Les ouvrages de M. A. Mariotte connus jusqu'ici ne semblaient pas annoncer un auteur comique ; mais le Trouvère faisait-il présager Falstaff ? En revanche, sur la foi de Rabelais, patron du rire, beaucoup de gens attendaient peut-être de MM. Armory et Mariotte une opérette. Il s'agit en réalité d'un oratorio ; oratorio profane, oratorio gai, oratorio truculent, mais oratorio, par la succession des scènes qui composent le spectacle et par la façon dont la musique s'y trouve répartie. Les chœurs, en effet, y jouent un rôle prépondérant, pour reprendre, commenter, amplifier les propos des personnages individuels. Ces effets de masse sonore sont naturellement ceux auxquels M. Mariotte a recouru de préférence pour traduire en musique les éléments que la musique pouvait le mieux emprunter à Rabelais : la grosseur de la caricature, la redondance de la farce. Car pour la satire — dont les allusions restent parfois obscures — il n'y fallait pas songer. Sans doute est-ce en effet dans les chœurs de Gargantua, nombreux et drus, que M. Mariotte a rencontré sa veine la plus riche et la plus heureuse : au premier acte, le tumulte de la beuverie, les bavardages affairés qui accompagnent la naissance de Gargantua, le salut au nouveau-né et surtout le copieux motet (on pense à l'Amen de la taverne, dans la Damnation de Faust) où des fragments de la Marseillaise se mêlent à ceux d'un cantique (1) ; au second acte, le départ de Gargantua pour Paris, au troisième, le récit de Grandgousier et la scène des cloches.

 

(1) Quand, à la fin de l'ouvrage, les Grandgousiens célèbrent la défaite de Picrochole on entend des fragments du Deutschland über alles. Pour Rabelais, Picrochole symbolisait Charles-Quint ; pour MM. Armory et Mariotte, c'est Guillaume II.

 

Ailleurs, la musique suit d'une façon vivante et plaisante les épisodes mouvementés, les jeux de Gargantua avec ses compagnons et compagnes ; le cortège des juges, qui débute comme la « Marche des corporations » des Maîtres Chanteurs, etc.

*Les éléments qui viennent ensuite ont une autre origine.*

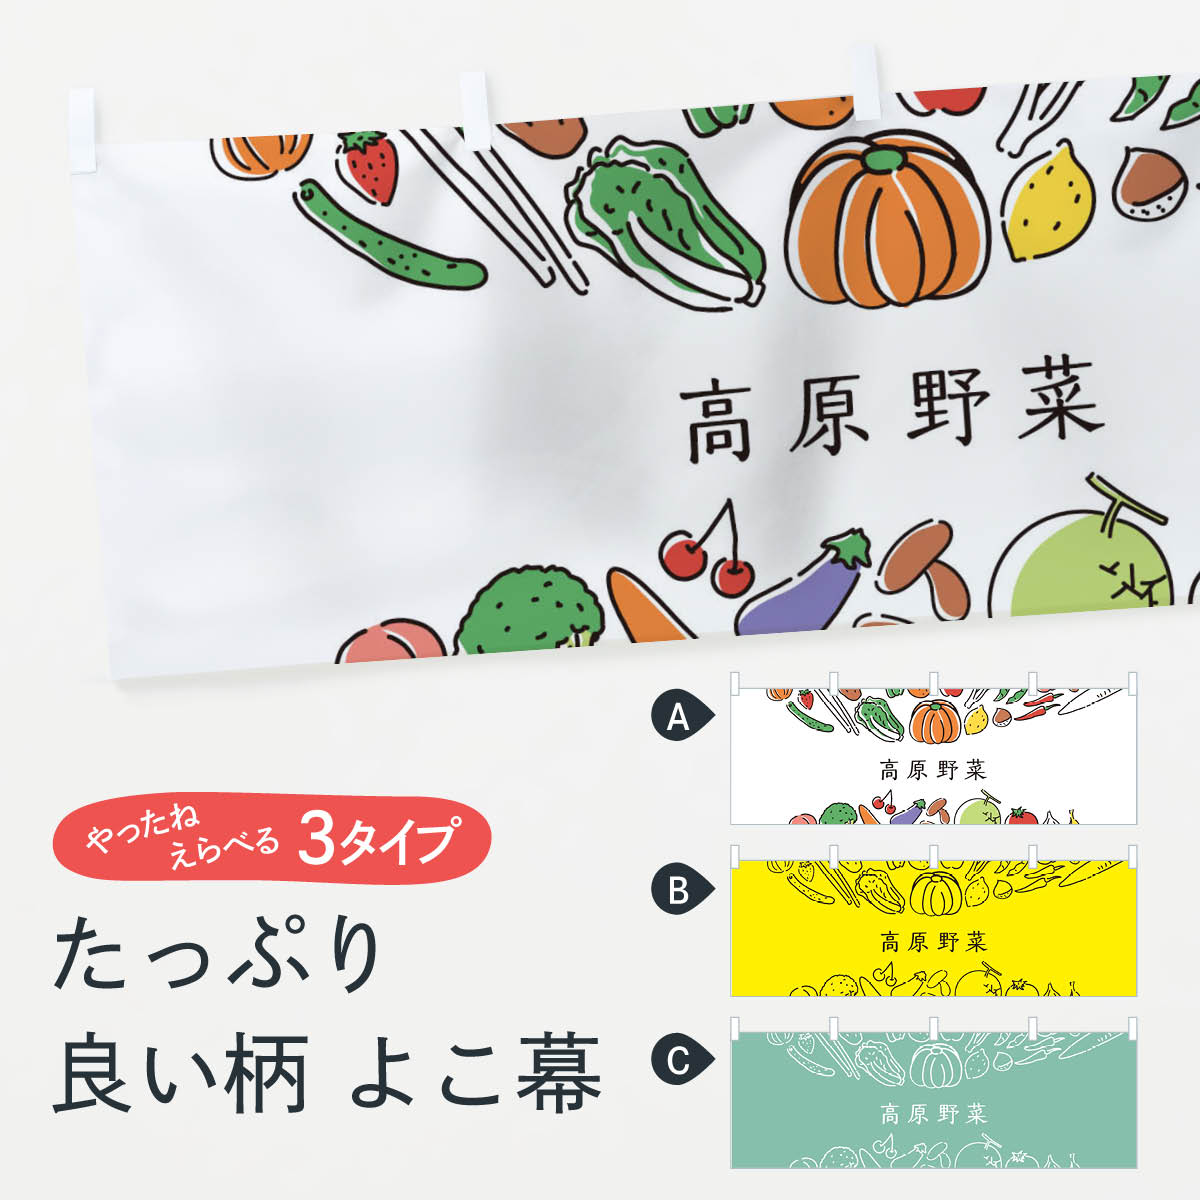 【ネコポス送料360】 横幕 高原野菜 7KPT やさい 新鮮野菜・直売
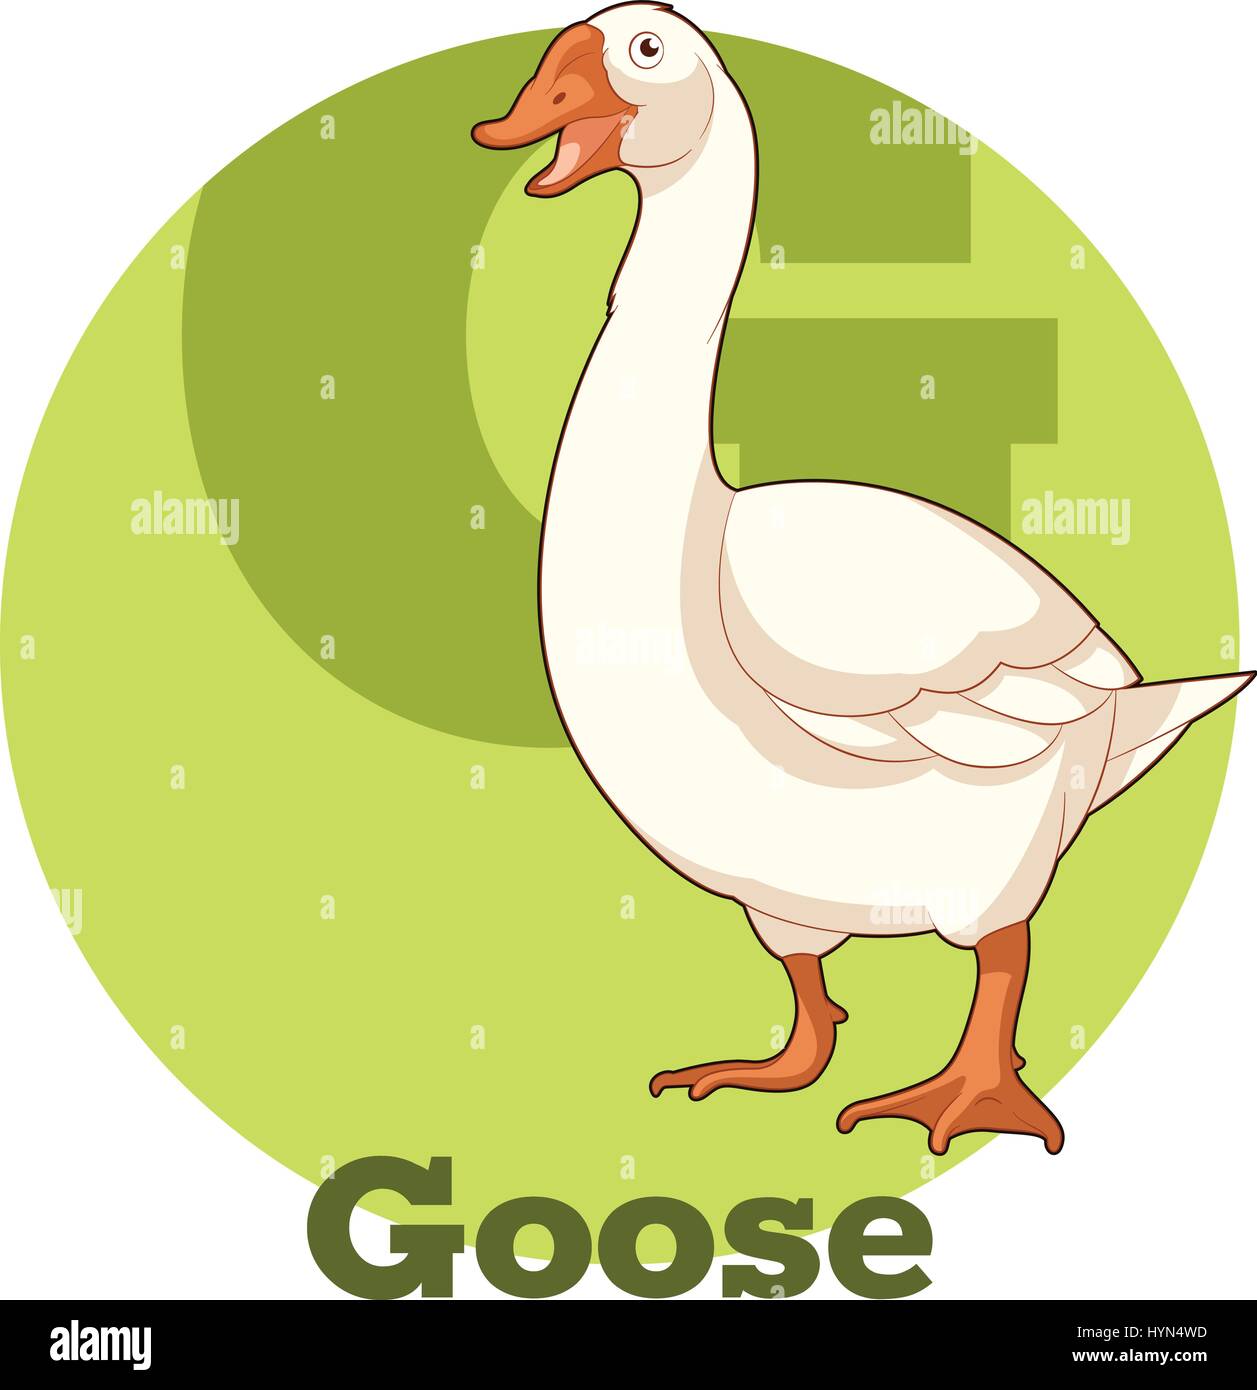 ABC Cartoon Goose Stock Vector

Le dialogue proprement dit, soutenu par l'orchestre qui le commente et qui, pour ne pas tomber dans les disparates, garde un peu de rudesse ou de pesanteur, n'a pas toujours autant de valeur expressive.

L'Opéra-Comique a fait, pour monter Gargantua, un effort proportionné à celui dont témoigne l'ouvrage lui-même et un effort somme toute heureux. Comment donner mieux, sur une scène aussi étroite, l'impression de la multitude et celle de l'énormité ? Comment surtout rendre visibles ces enflures soudaines qui, dans Rabelais, gonflent tout d'un coup les gens et les choses et en bouleversent les proportions réciproques ? Il suffit que l'enluminure crue et sommaire du décor et des costumes laisse une impression générale d'imagerie burlesque : c'est à quoi l'Opéra-Comique n'a pas manqué. Je souhaiterais seulement de voir disparaître les quelques danseuses, accoutrées en rats d'hôtel, qui, au dernier tableau, figurent les corbeaux voletant autour des trois pendus : ni leur ajustement, ni leurs évolutions ne sont en harmonie avec le reste du spectacle, pas plus d'ailleurs qu'avec la musique.

M. Verdière, ténor solide et brillant, prête à Gargantua une franche rondeur ; M. Baldous fait un Grandgousier robuste et cordial ; M. Jean Vieuille chante et joue avec une éclatante animation le rôle de Frère Jean. Celui (dissimulé, sinon muet...) d'une accouchée hurlante, tenu par un homme, est désigné pour la caricature : M. Derroja, surtout dans le rôle de Picrochole qu'il tient également, tombe dans la pitrerie aux dépens du chant et de la musique : il faut corriger cela. Mlle Pocidalo prodigue au rôle de Magdeleine tous les dehors de la verve la plus traditionnelle. On ne peut citer tous les artistes qui complètent avec zèle la distribution : MM. Rousseau, Durel, Mmes Gaudel, Julliot, etc.

La partie chorale, très importante, nous l'avons dit, et parfois difficile, est exécutée aussi bien que le comportent les habitudes de la scène française. Au pupitre, M. Paul Bastide déploie ses qualités appréciées d'animateur : la suite des représentations ne manquera pas de réaliser entre le « plateau » et la « fosse » une concordance plus constamment rigoureuse.